Dangguishaoyao-San attenuates LPS-induced neuroinflammation via the TLRs/NF-κB signaling pathway.[Pubmed: 29857298]
Dangguishaoyao-San (DSS) is composed of six traditional Chinese medicines, including Angelica sinensis, Paeoniae radix, Rhizoma Ligusticum, Poria cocos, Rhizoma Atractylodis Macrocephalae, and Rhizoma Alismatis. DSS has been reported to be effective in alleviating the symptoms of Alzheimer's disease (AD). The aim of this study was to investigate the mechanism of action of DSS in vitro using lipopolysaccharide (LPS)-stimulated BV-2 microglia cells.
Carboxymethyl pachyman (CMP) reduces intestinal mucositis and regulates the intestinal microflora in 5-fluorouracil-treated CT26 tumour-bearing mice.[Pubmed: 29756138]

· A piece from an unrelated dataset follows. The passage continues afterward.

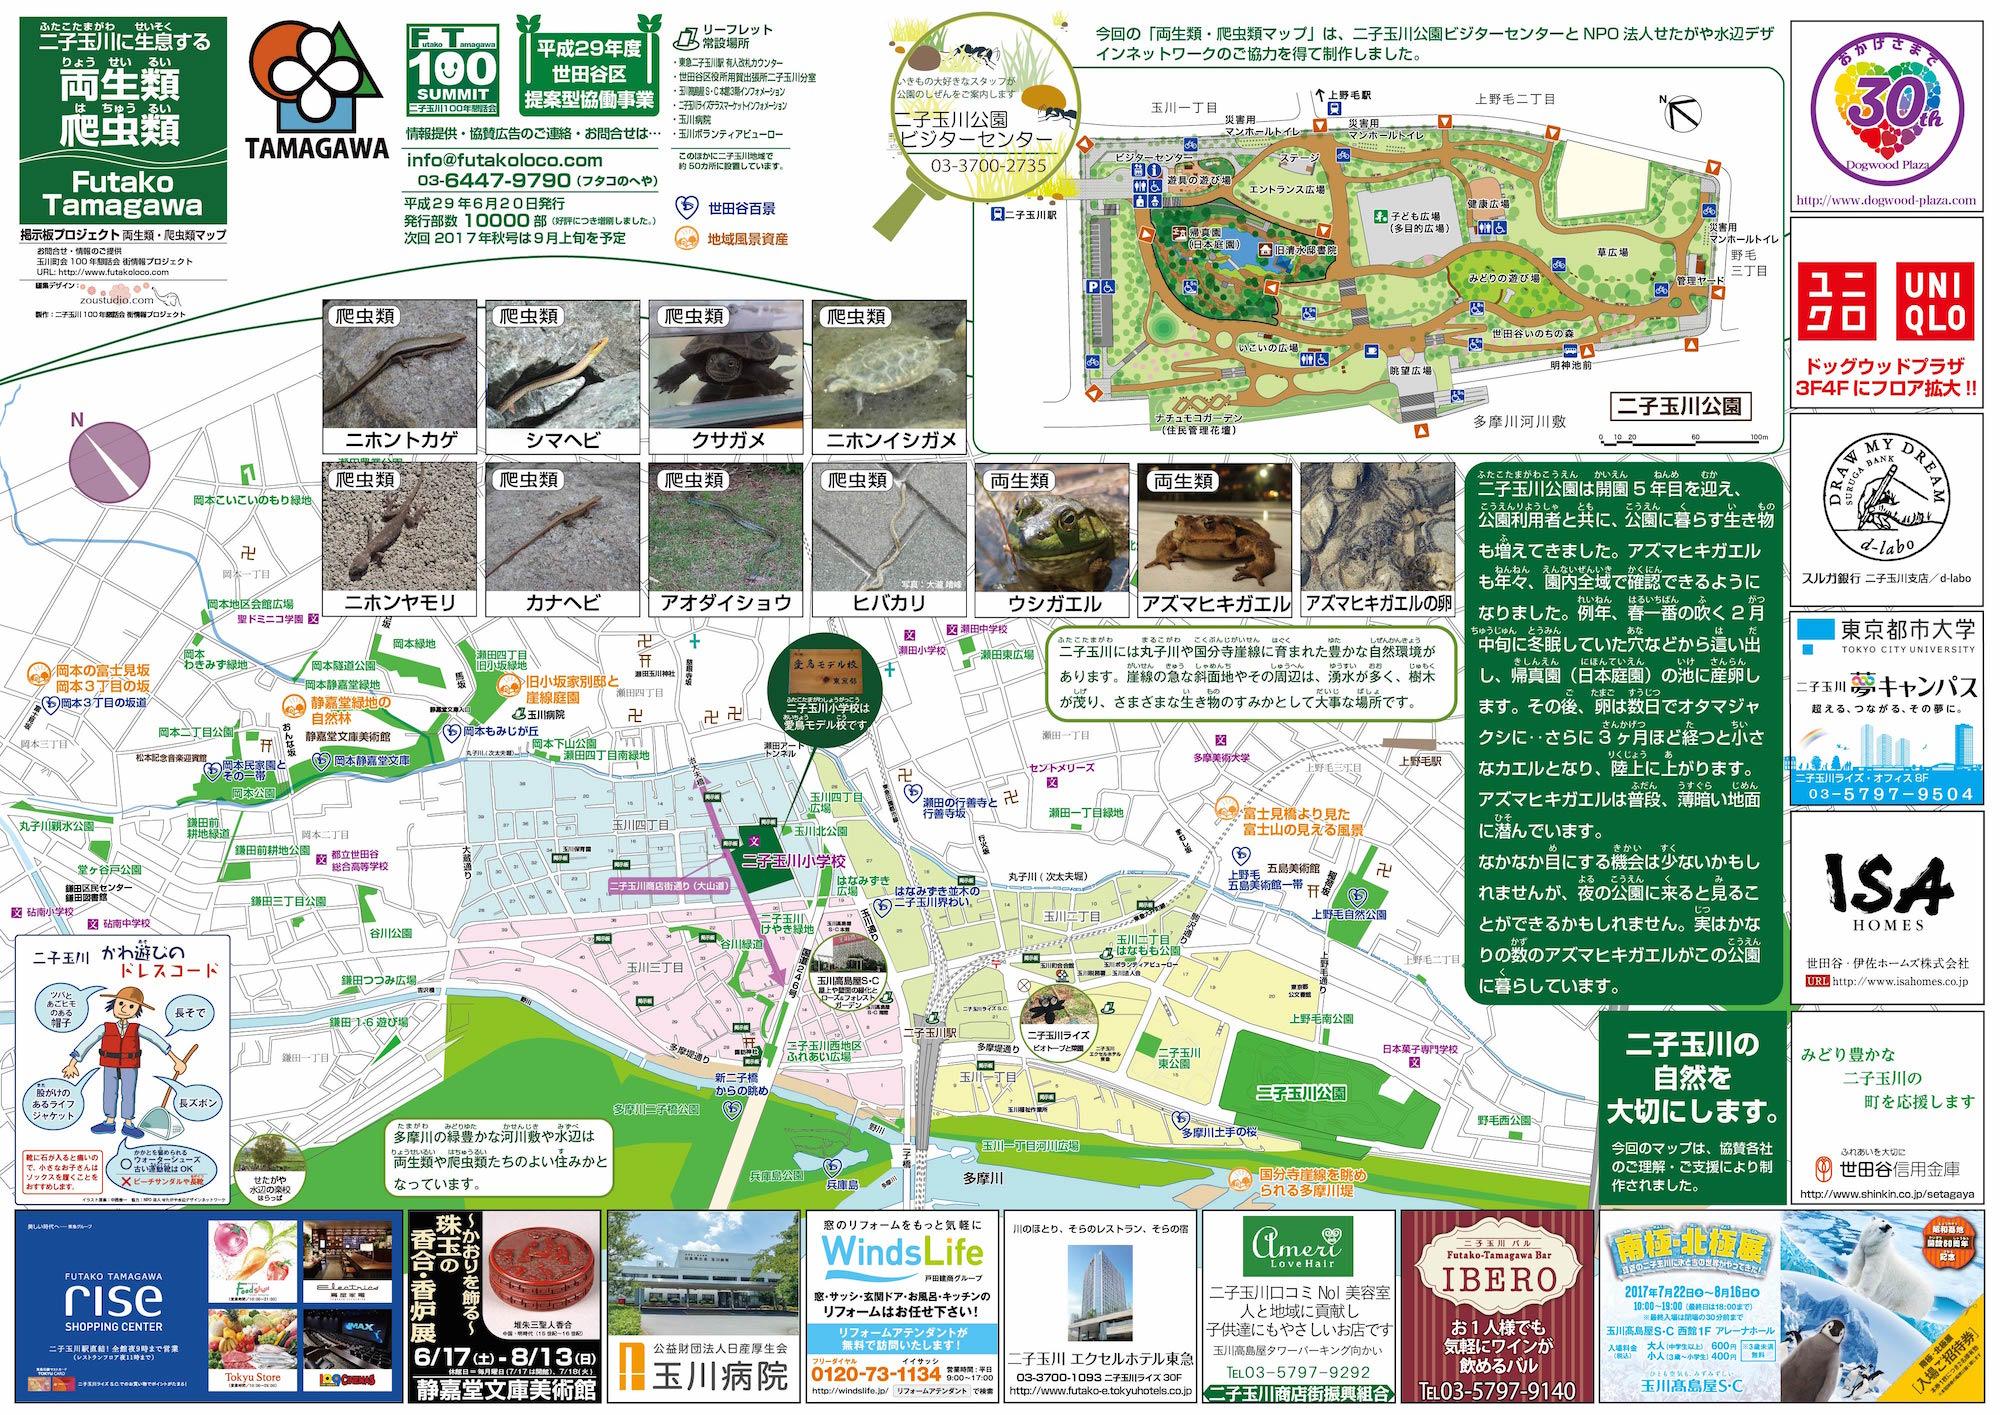 2017年夏号両生類爬虫類マップ

The compound 5-fluorouracil (5-FU) is the first choice chemotherapeutic agent for the treatment of colorectal cancer (CRC), but intestinal mucositis is a primary limiting factor in anticancer therapy. There is currently no broadly effective targeted treatment to cure this side effect. Carboxymethylated pachyman (CMP) is a polysaccharide that is modified from the structure of pachyman isolated from Poria cocos (Chinese name: Fu Ling). Meanwhile, recent studies have shown that CMP exhibits immune regulatory, anti-inflammatory and antioxidant activities. Therefore, the purpose of this study was to evaluate the intestinal protective effect of CMP in 5-FU-treated CT26 tumour-bearing mice and to further explore its underlying mechanism(s) of action. Initially, a CT26 colon carcinoma xenograft mice model was established. The colon length, colon tissue injury, intestinal flora, short-chain fatty acids (SCFAs) and indicators linked to inflammation, antioxidation and apoptosis were then measured. Our results showed that CMP in combination with 5-FU reversed intestinal shortening (p < 0.01) and alleviated 5-FU-induced colon injury (p < 0.001) via suppression of ROS production; increasing the levels of CAT, GSH-Px and GSH; decreasing expression of NF-κB, p-p38 and Bax; and elevating the levels of Nrf2 and Bcl-2. More importantly, CMP had a significant impact and counteracted the intestinal microflora disorders produced by 5-FU by increasing the proportion of Bacteroidetes, lactobacilli, and butyric acid-producing and acetic acid-producing bacteria and restoring the intestinal flora diversity. Overall, this work suggested that CMP could regulate the ecological balance of the intestinal flora and reduce colon injuries induced by 5-FU in CT26 tumour-bearing mice, and the mechanism involved may be associated with the regulation of the NF-κB, Nrf2-ARE and MAPK/P38 pathways.